Watching his son win gold at his first Olympics has come four years after cuts in funding from UK Sport meant Mr Wilson had to financially support his son as he rose through the world rankings.

He was eventually helped by Sheikh Ahmed Al Maktoum, a member of Dubai's ruling family.

The double trap gold medallist from the 2004 Athens Olympics saw enough potential in the Dorset marksman to offer to coach him for free.

Mr Wilson travelled to Dubai to train and the pair have been speaking regularly on the phone in the run up to the Olympics.

'Got the dedication'

"He's shown he can handle the atmosphere and the range," said Mr Wilson.

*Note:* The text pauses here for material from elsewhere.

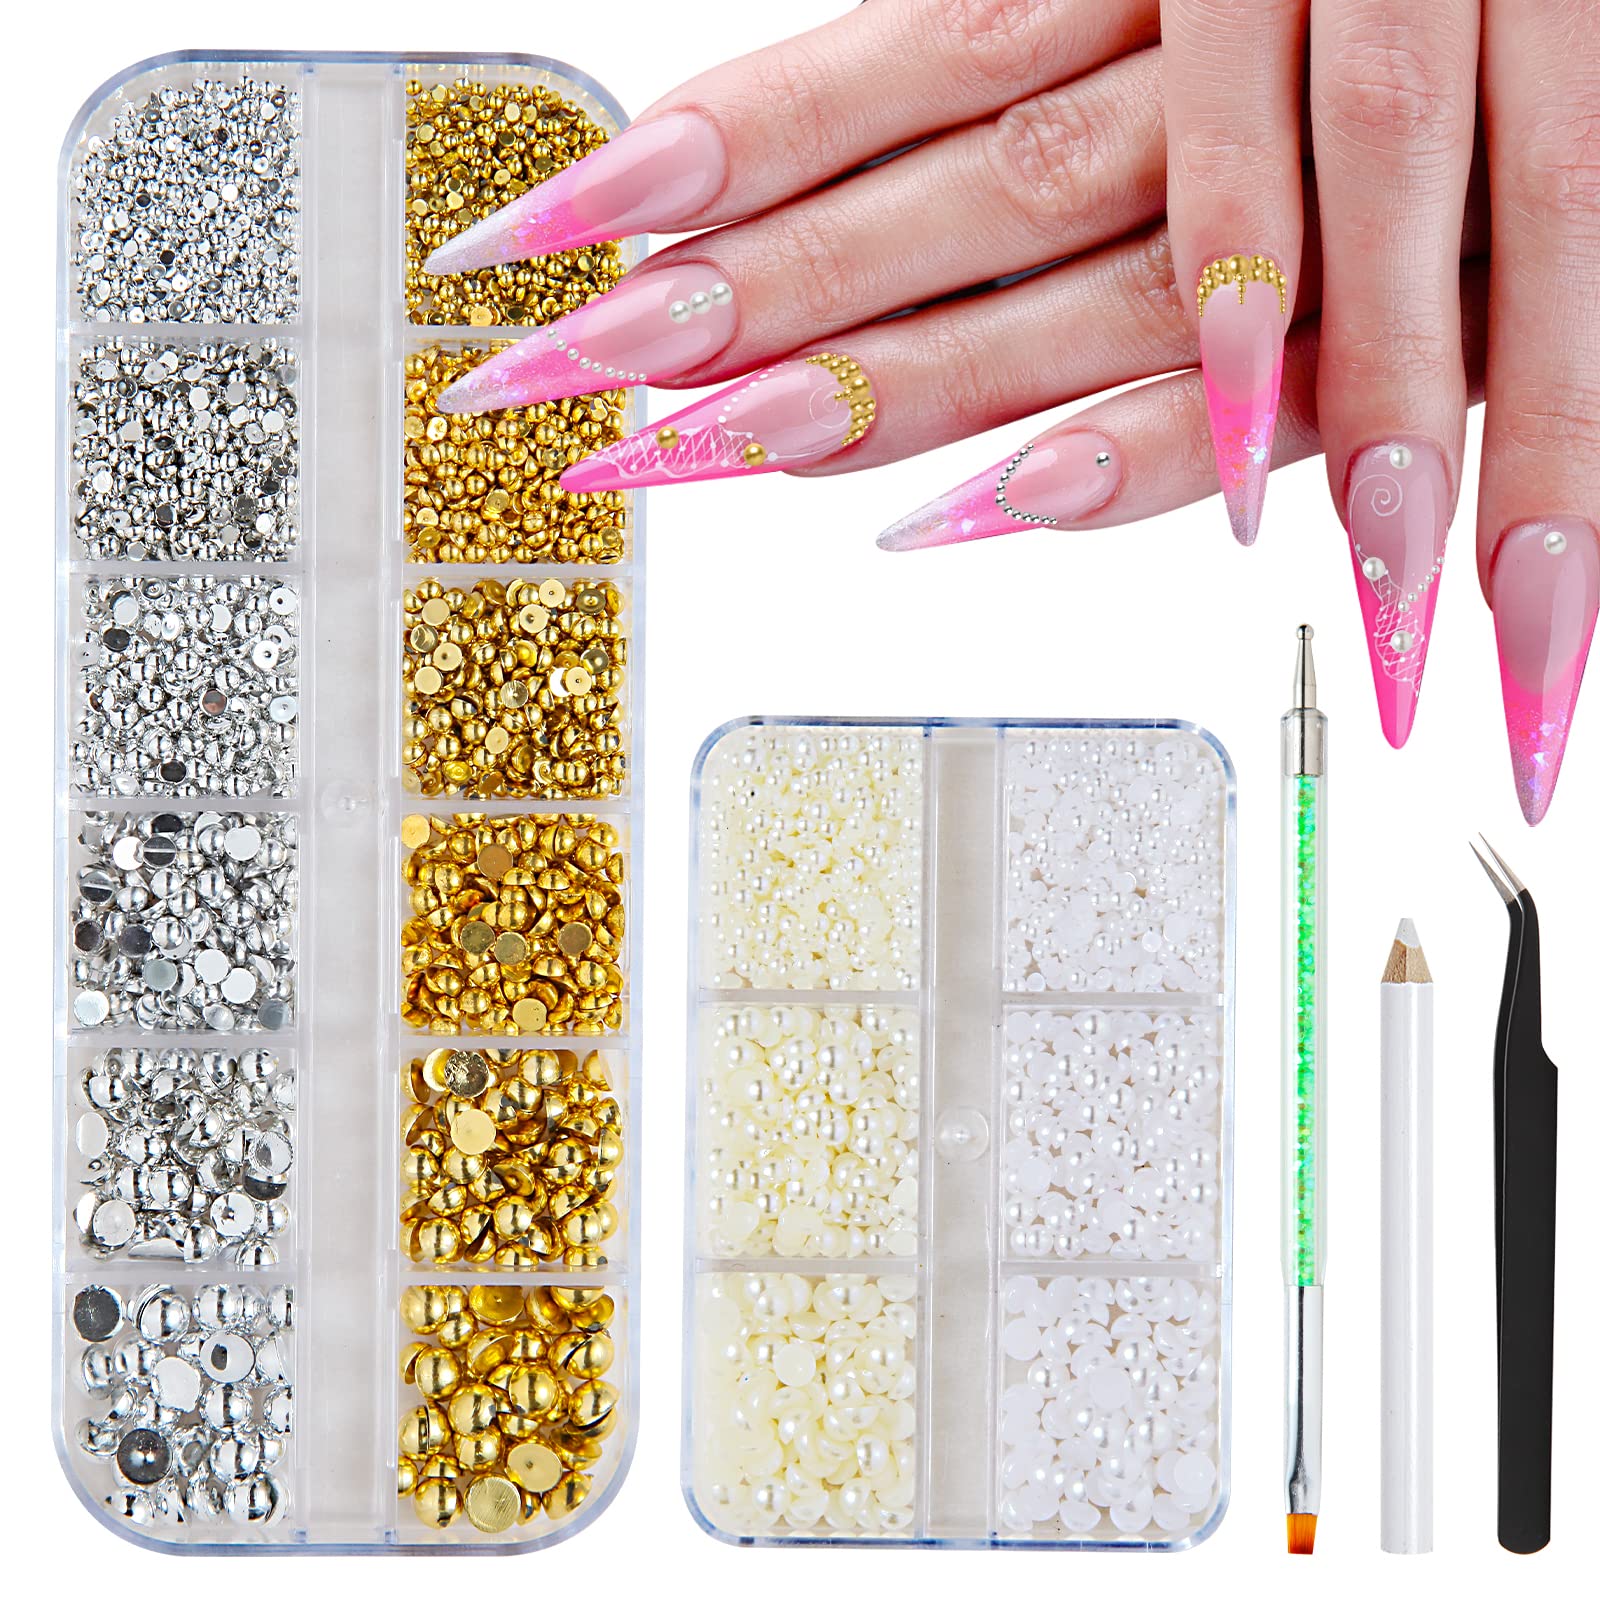 5600 PCS 7 Sizes Flatback Nail Pearls Flat Pearls for Crafts Nails Art  Crafting

"There's so much support here from people from Dorset and friends he shoots with.

"He's always been one to make friends with other competitors - he's been playing ping pong with the Chinese and cricket with the Indians."

Much of Wilson's training has been done at the Southern Counties Shooting club.

Manager Kevin Newton was among those back at the club following the climax to the final at Woolwich.

He described the British number one, who he has known for 10 years, as "a very nice young man, always willing to help.

"He's a super shot and he's got the dedication - he eats, sleeps and dreams shooting," he added.

Mr Newton said British success at the Olympics was a boon for British shooting.

"It raises the profile of the sport. When Richard Faulds won gold in Sydney it did the sport no end of good, we had lots more people wanting to take part. It gives it a real boost."